Sophisticated thieves are themselves using computer technology, said Read Hayes, president of Loss Prevention Specialists, a consulting firm based in Winter Park, Fla. Hayes cited tip sheets on theft techniques posted on the Internet. One of them is called "A Guide to Shoplifting."

That makes it all the more important for retailers to up the ante.

"Profit margins are thinner, and that makes it difficult for retailers to absorb the costs of theft," Hayes said. "Stores don't have much of a choice--they're investing in more effective loss-prevention methods."

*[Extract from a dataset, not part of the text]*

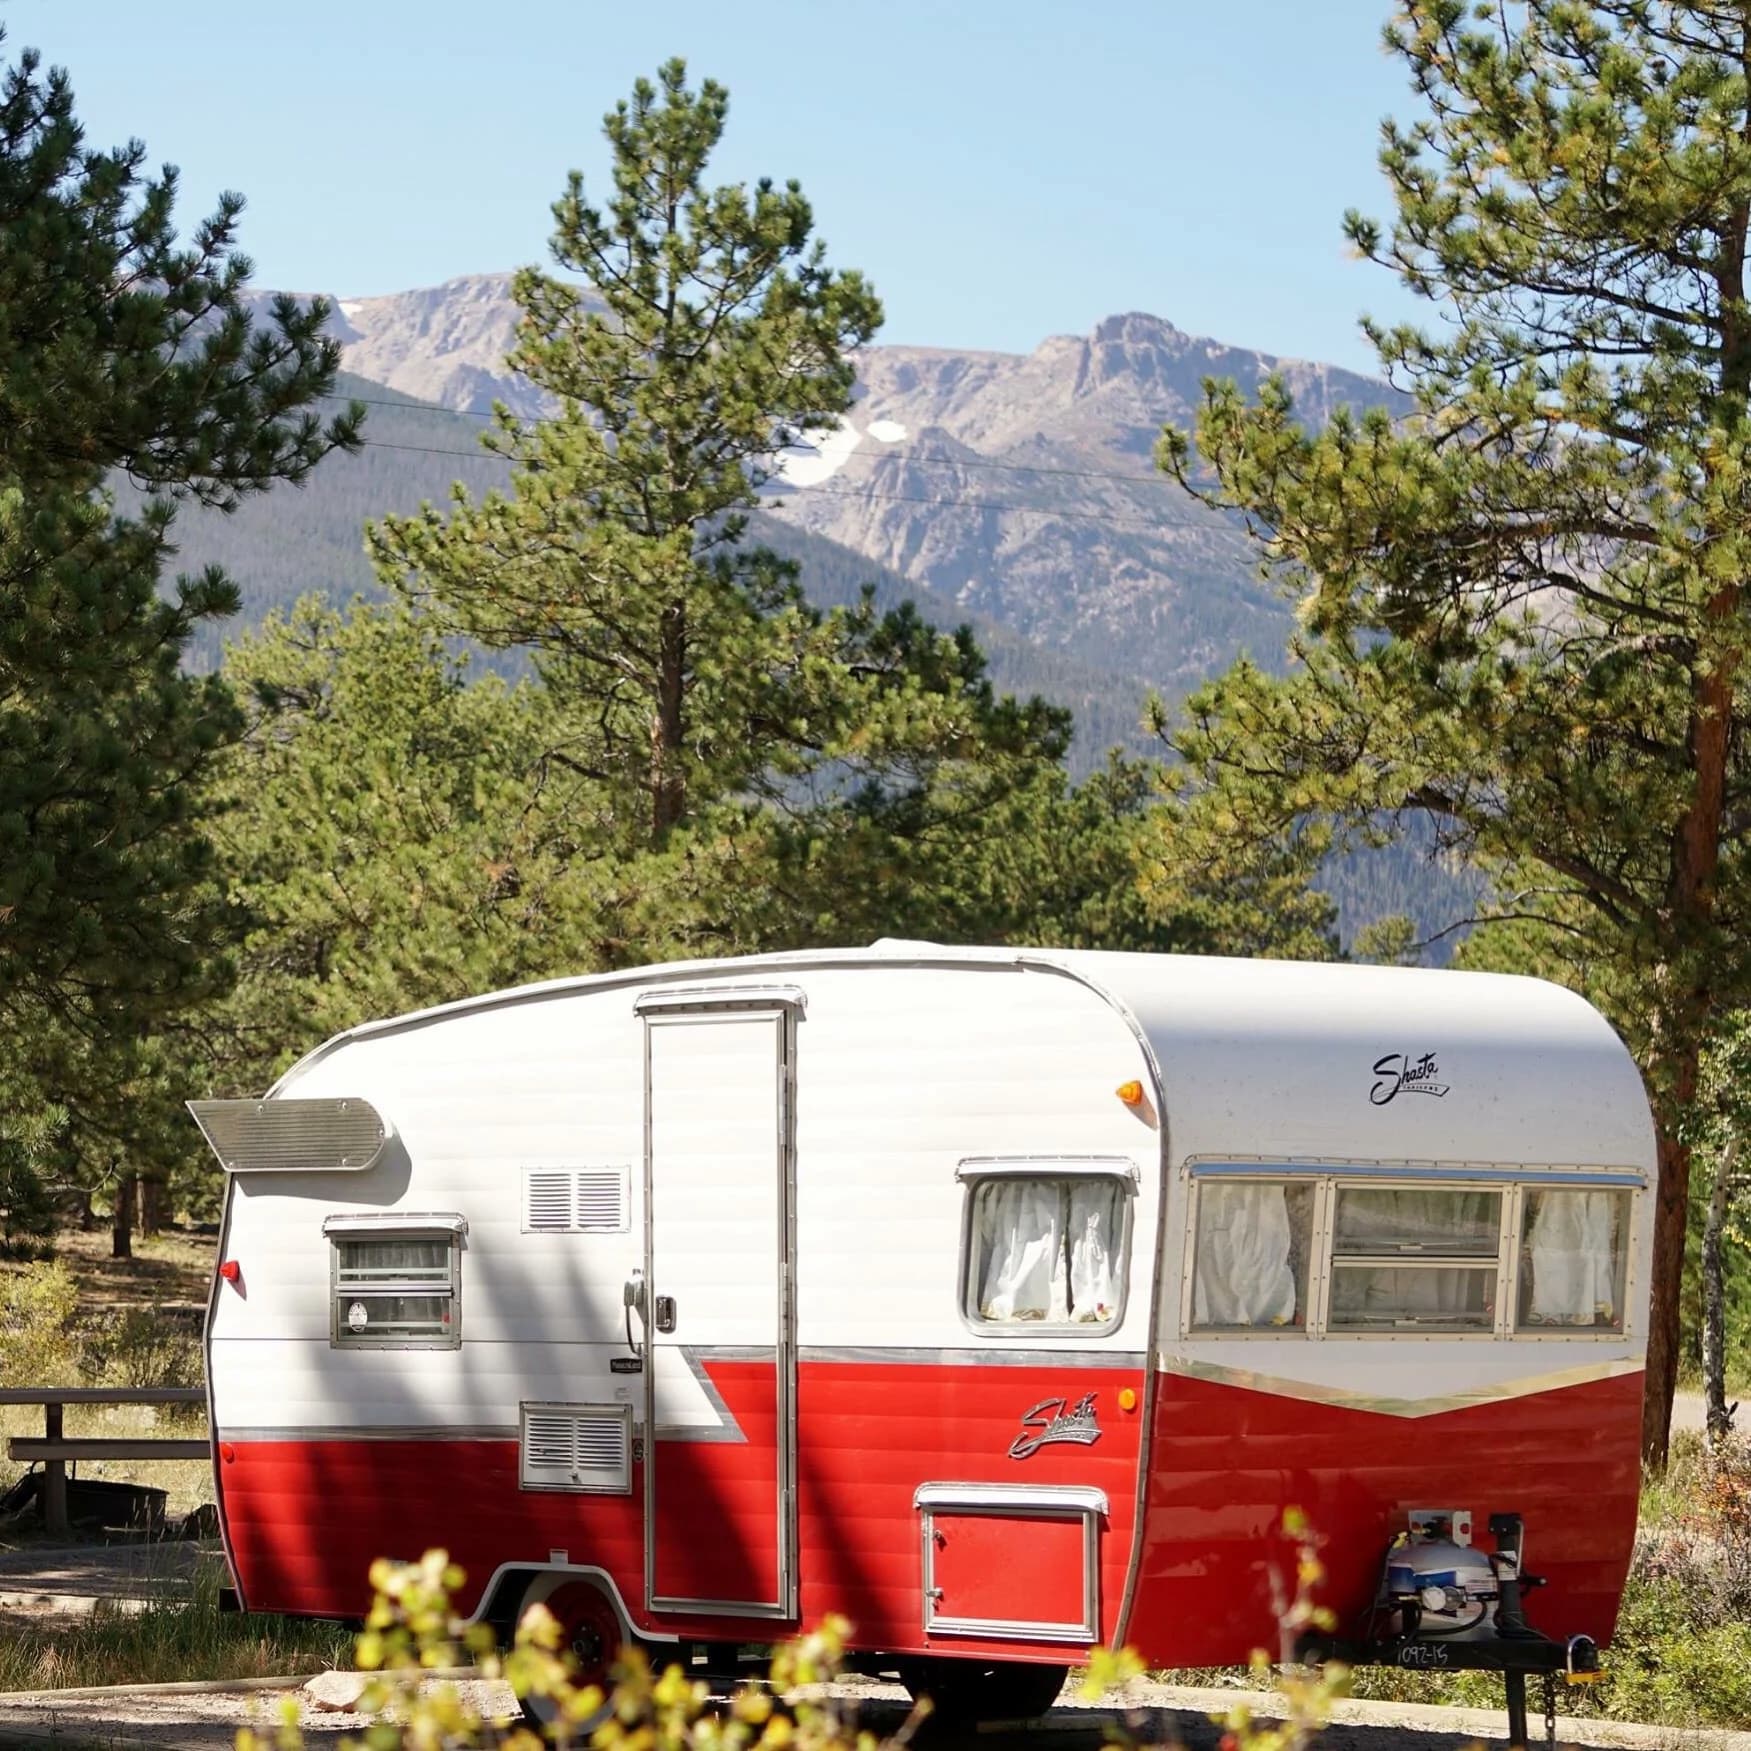 Vintage red and white trailer parked beside pine trees below mountains.

The pressure to hold the line on prices has increased in recent years because consumers are increasingly value-conscious, said Steve Hutchins, senior vice president for store operations at Macy's West, the San Francisco-based manager of the chain's regional operations.

"Theft shortages affect a business' ability to grow and prosper," Hutchins said. "As losses grow more expensive, it affects long-term prices. We spend a lot of time addressing this because we want to give the consumer the best price possible."

One security device long used by retailers, the ubiquitous electronic tag that's clamped to clothing and other merchandise, is getting smaller. The tags emit a radio signal that triggers an alarm at an exit unless deactivated or removed by a sales clerk.

These days, manufacturers of consumer products are beginning to implant the emitters in or on items formerly too small for tagging, such as lipstick cases, pens and batteries.